PROBLEM REQUIREMENTS:
Write out the entries below exactly, but only from the line containing "Рендер настольного процессора Ryzen PRO" through the line containing "テールライト 2005 2006", and without the pictures.

EXTRACTED INFORMATION:

+===+

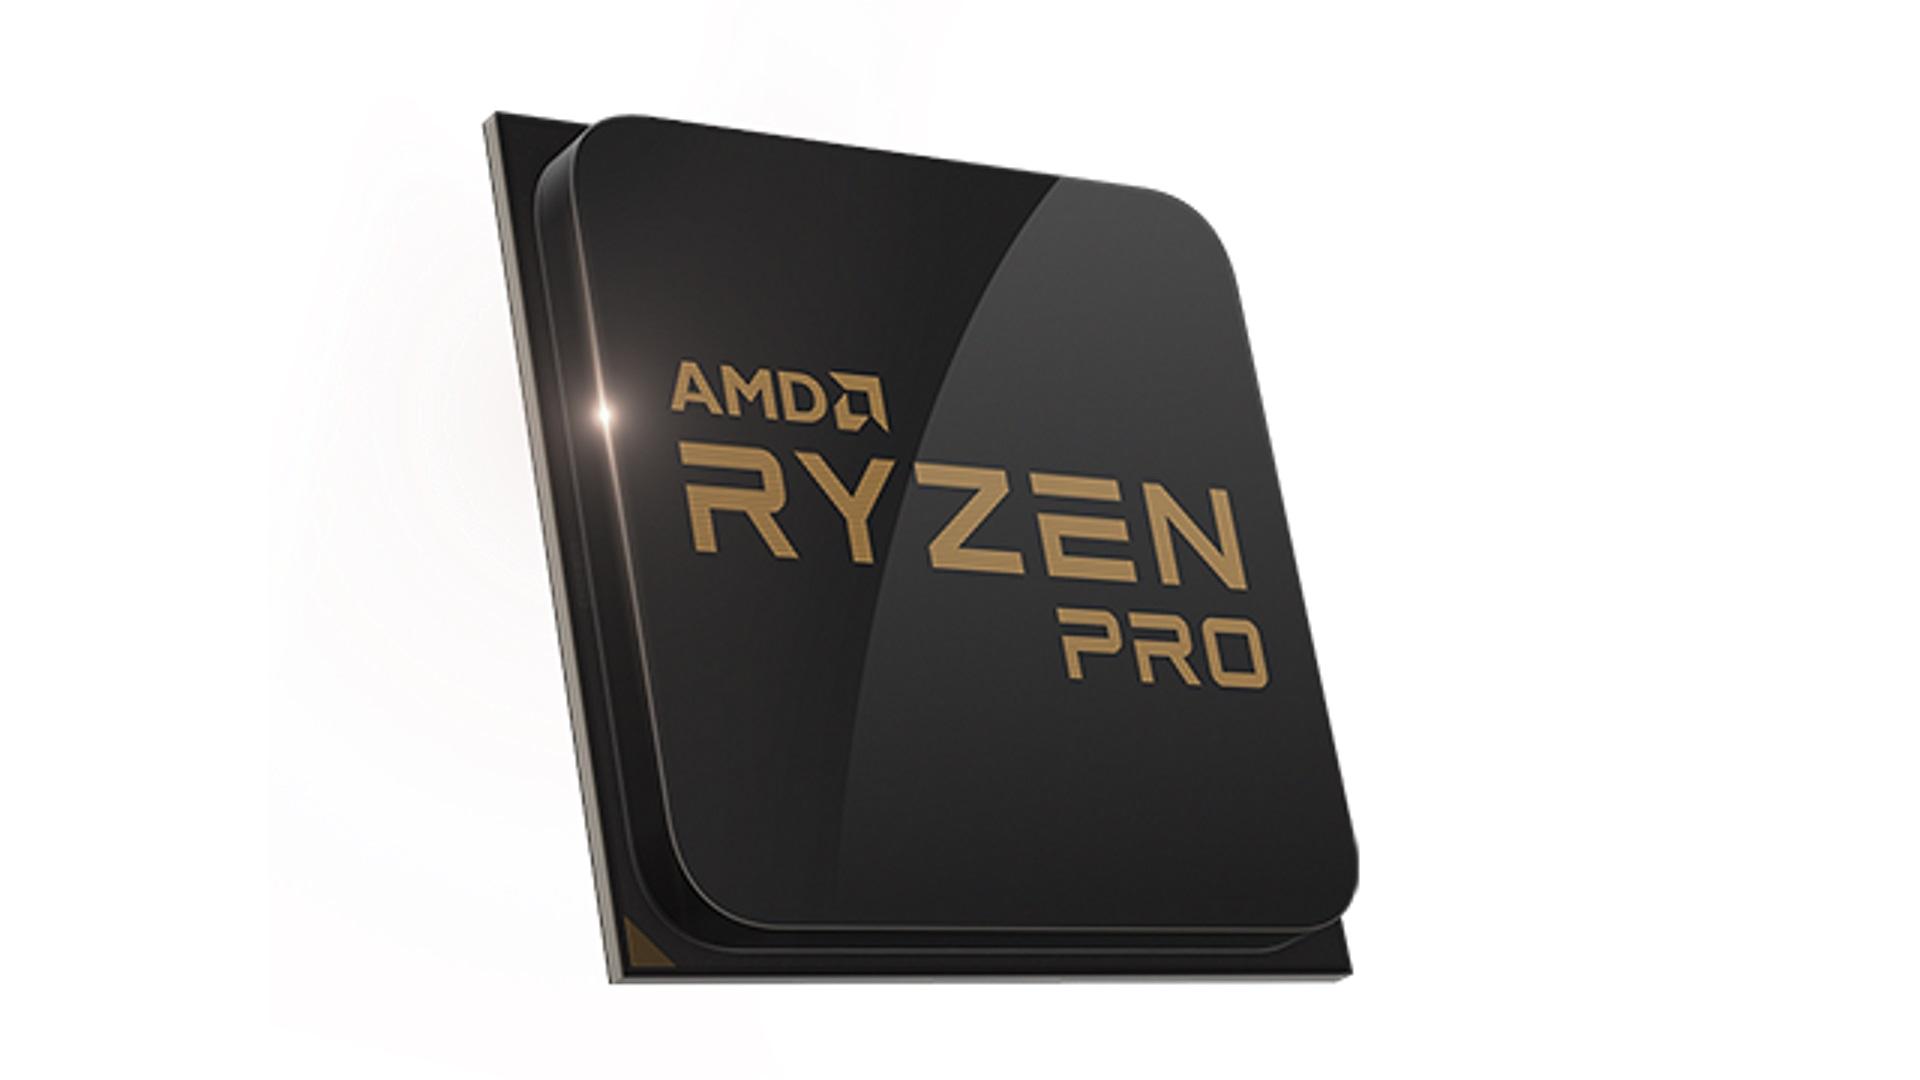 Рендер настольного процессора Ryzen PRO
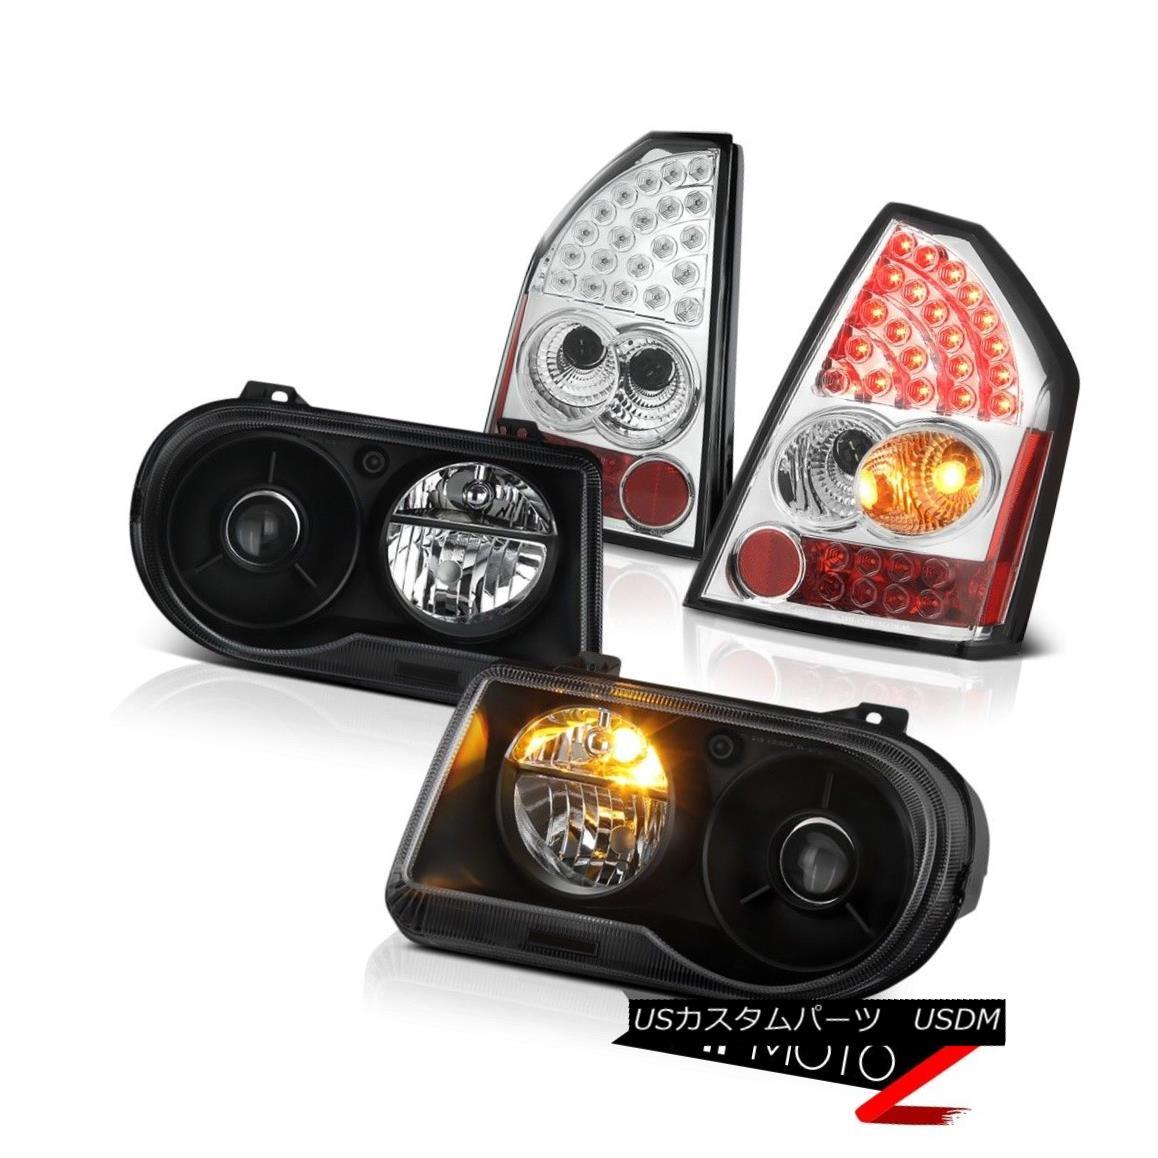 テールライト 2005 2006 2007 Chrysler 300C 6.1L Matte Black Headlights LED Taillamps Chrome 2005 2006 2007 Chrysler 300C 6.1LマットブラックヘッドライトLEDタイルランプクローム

+===+

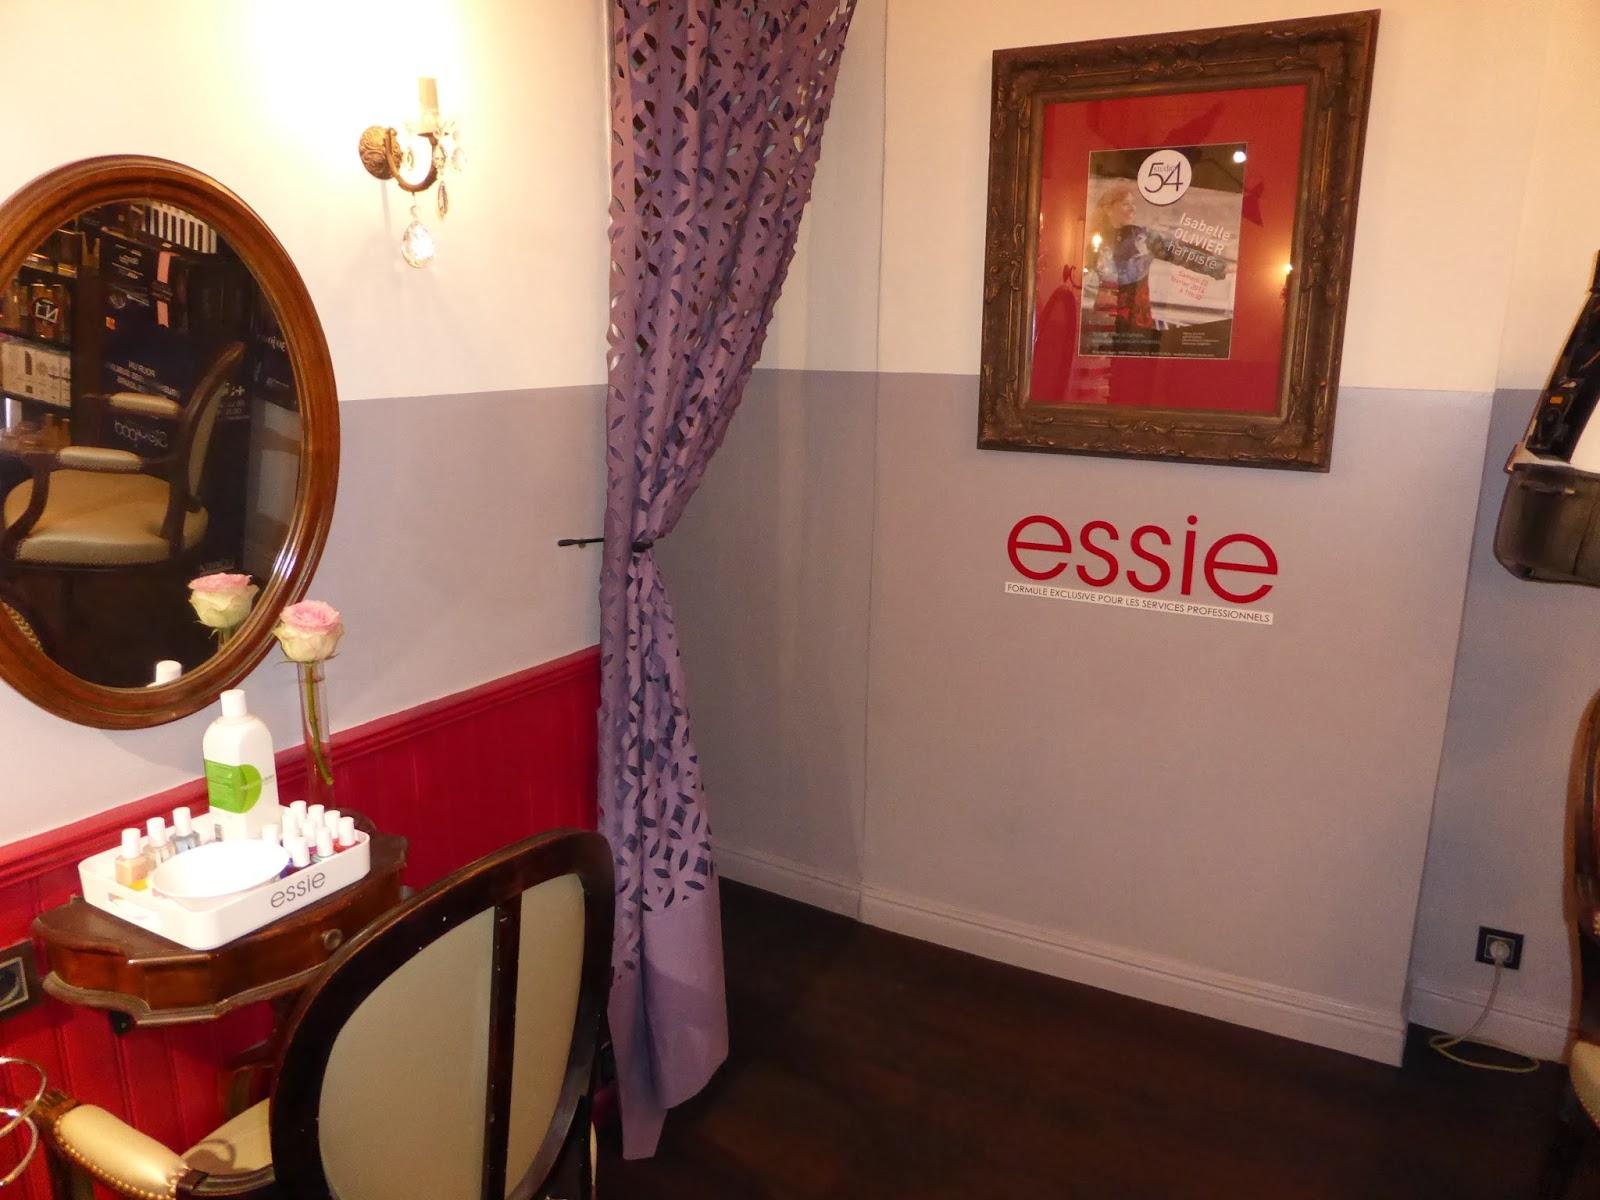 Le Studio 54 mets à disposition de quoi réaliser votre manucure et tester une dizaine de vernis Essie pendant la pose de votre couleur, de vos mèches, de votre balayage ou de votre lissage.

+===+

YOUR SOLUTION:
 Рендер настольного процессора Ryzen PRO
 テールライト 2005 2006 2007 Chrysler 300C 6.1L Matte Black Headlights LED Taillamps Chrome 2005 2006 2007 Chrysler 300C 6.1LマットブラックヘッドライトLEDタイルランプクローム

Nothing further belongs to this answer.